Sales Insights - Architecture
Aim: Build a small Azure platform infrastructure that could be used by a hypothetical business to ingest, store and visualise business data. Following this I’ll be looking to apply some further intelligence to their data in the form of customer segmentation, sales forecasting or natural language processing on customer reviews.
Design & Approach

Blob Storage
Act as the file landing zone where raw CSV files can be dropped and stored.
Azure Data Factory
Used to ingest and process files from Blob Storage into the SQL Database.
SQL Database
Database set up in a medallion design to store clean and enrich data.
Tableau
Reporting tool to access and visualise the "Gold Standard" data within the database.
Azure Architecture
As the aim of this project is to keep it very simple and cost effective, the underlying architecture is also quite straight forward, seen in the image below.

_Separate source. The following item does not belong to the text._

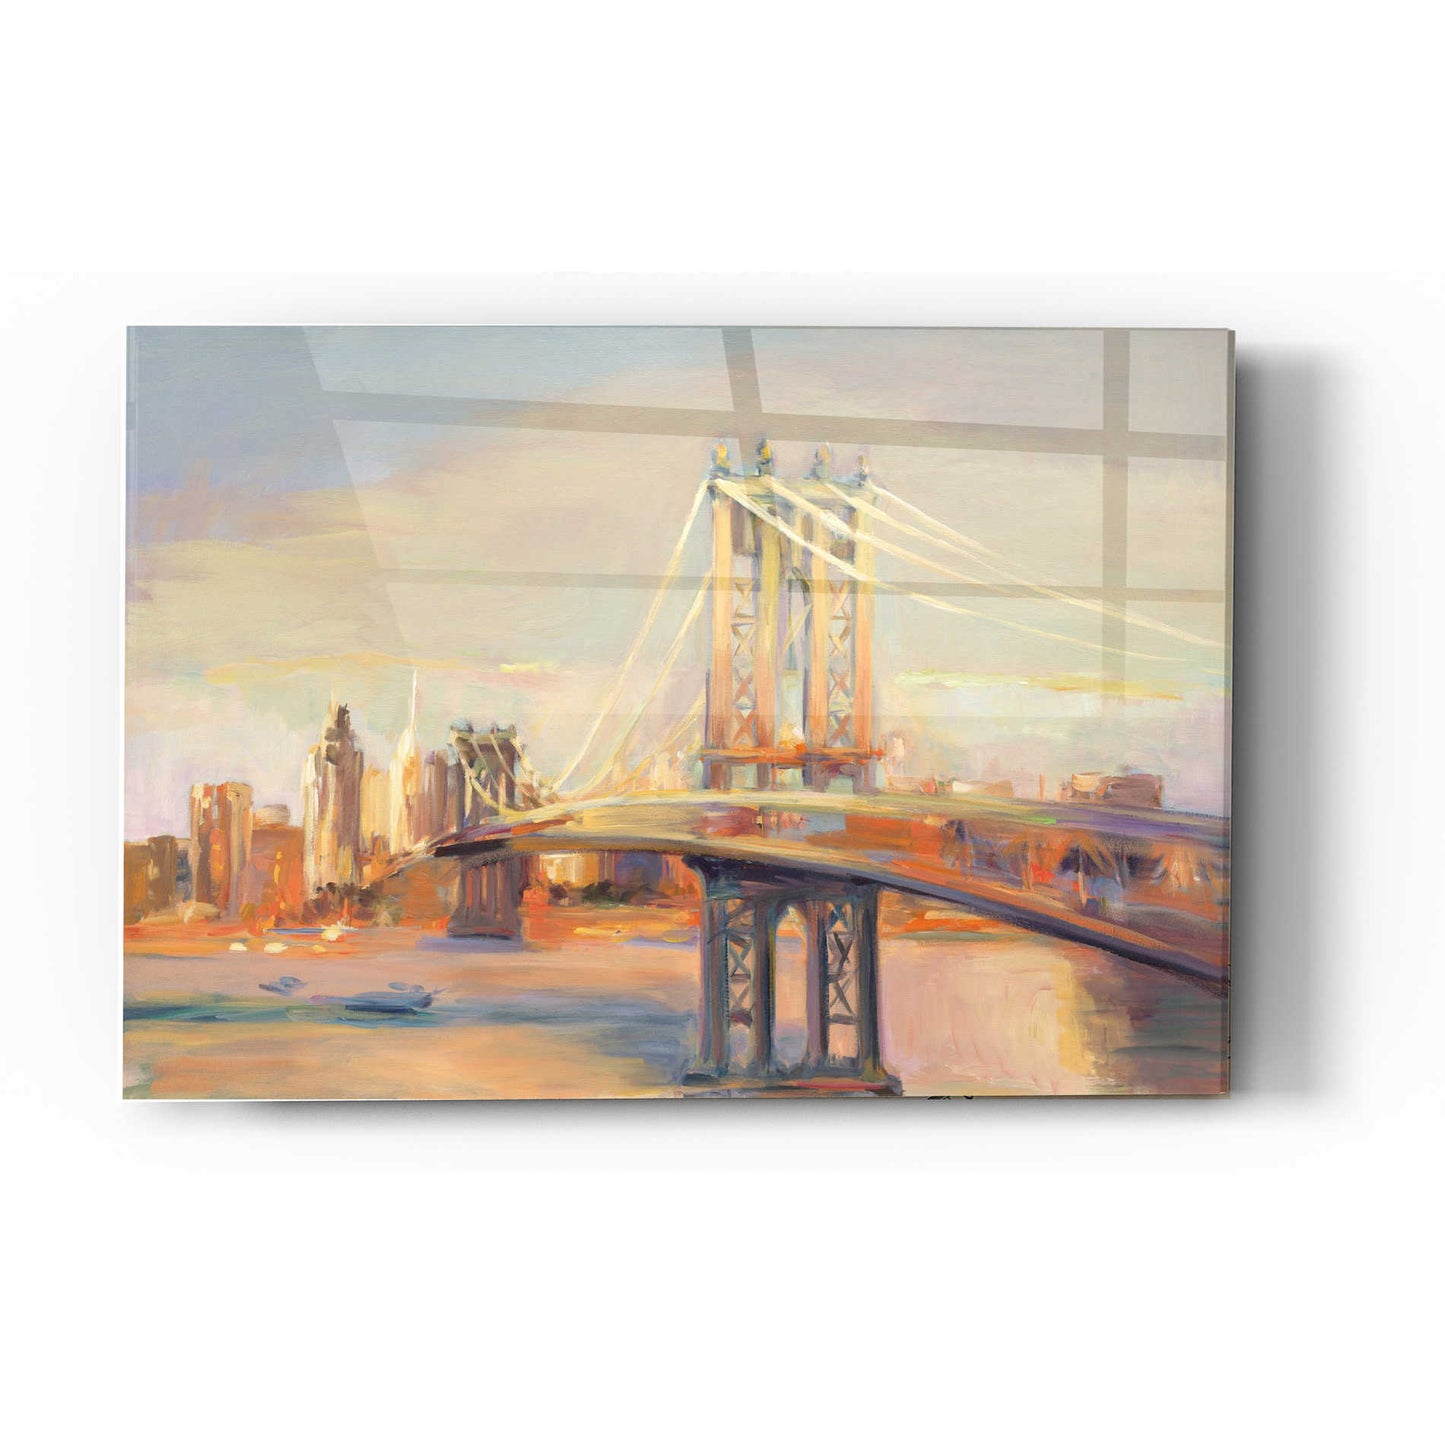 Epic Art 'Manhattan Reflection' by Marilyn Hageman, Acrylic Glass Wall Art,12x16

Azure Subscription & Resource Groups
Subscriptions and resource groups can largely be covered by a Netflix analogy. There’s the bill payer account (the subscription), and then all the free loading user accounts underneath (resource groups). Whilst it’s one entity that owns and pays for the Netflix subscription, there are multiple accounts within that being used. Just instead of re-watching tv series, people use resource groups for building VMs, storing data or data science pipelines etc.

Blob Storage
Similar to your storage on your laptop, this is a multipurpose file storage for storing all kinds of file types and data. In this use case, it’ll be used as a hypothetical landing zone where files would be dropped for processing. This provides an easy place for Azure Data Factory to find the files.

Azure Data Factory (ADF)
Used for processing data, and lots of it. ADF provides access to all the benefits of cloud (Scalable compute, parallel processing, speed & performance etc.) in a ‘simple’ interface where users can build data pipelines for moving and processing data. In this use case, I built a metadata driven pipeline that looks in the ‘Landing Folder’ for CSV file types and runs an ingestion pipeline for each file. Moving the data from CSV files to a SQL database. The benefit of utilising metadata is rather than building multiple pipelines, you can build one template pipeline and the metadata will dynamically run multiple versions of this template for each variation of the metadata, in this case file name. Building this out further, triggers can be added to run the pipelines based on events such as files landing in the blob storage and then using the pipeline to relocate the files once the data has been transferred into the database.



SQL Database
The core of the solution and where the data sits. Utilising a medallion architecture, which is a design pattern based on the logic of the data improving through Bronze, Silver & Gold stages. The data lands from ADF into the Bronze schema where the data types are incorrect, there may be null or missing values and overall the data needs some work. In the Bronze schema there is an initial data quality stored procedure to conduct some basic processes such as deduplication etc. following this the data is processed to the Silver Schema using another stored procedure that continues the improvement of the data by correcting the data types and handling missing values. Further enrichment occurs in this layer before moving the data into the final Gold layer that will be made accessible to data consumers, in this case we will start with a tableau reporting dashboard.

Outcome:
For next to no cost, a simple data platform was built making use of Azure's free offerings. With the database and blob storage free, within usage limits, data factory only costing a negligible amount for compute and a little bit of time to set everything up. This gives a solid foundation to continue to build on top of. Quite quickly and easily providing a robust data solution that could be used to replace the common excel reports seen in businesses. In the next phase I’ll be building a Tableau report over the top of this new database to provide insights into the data.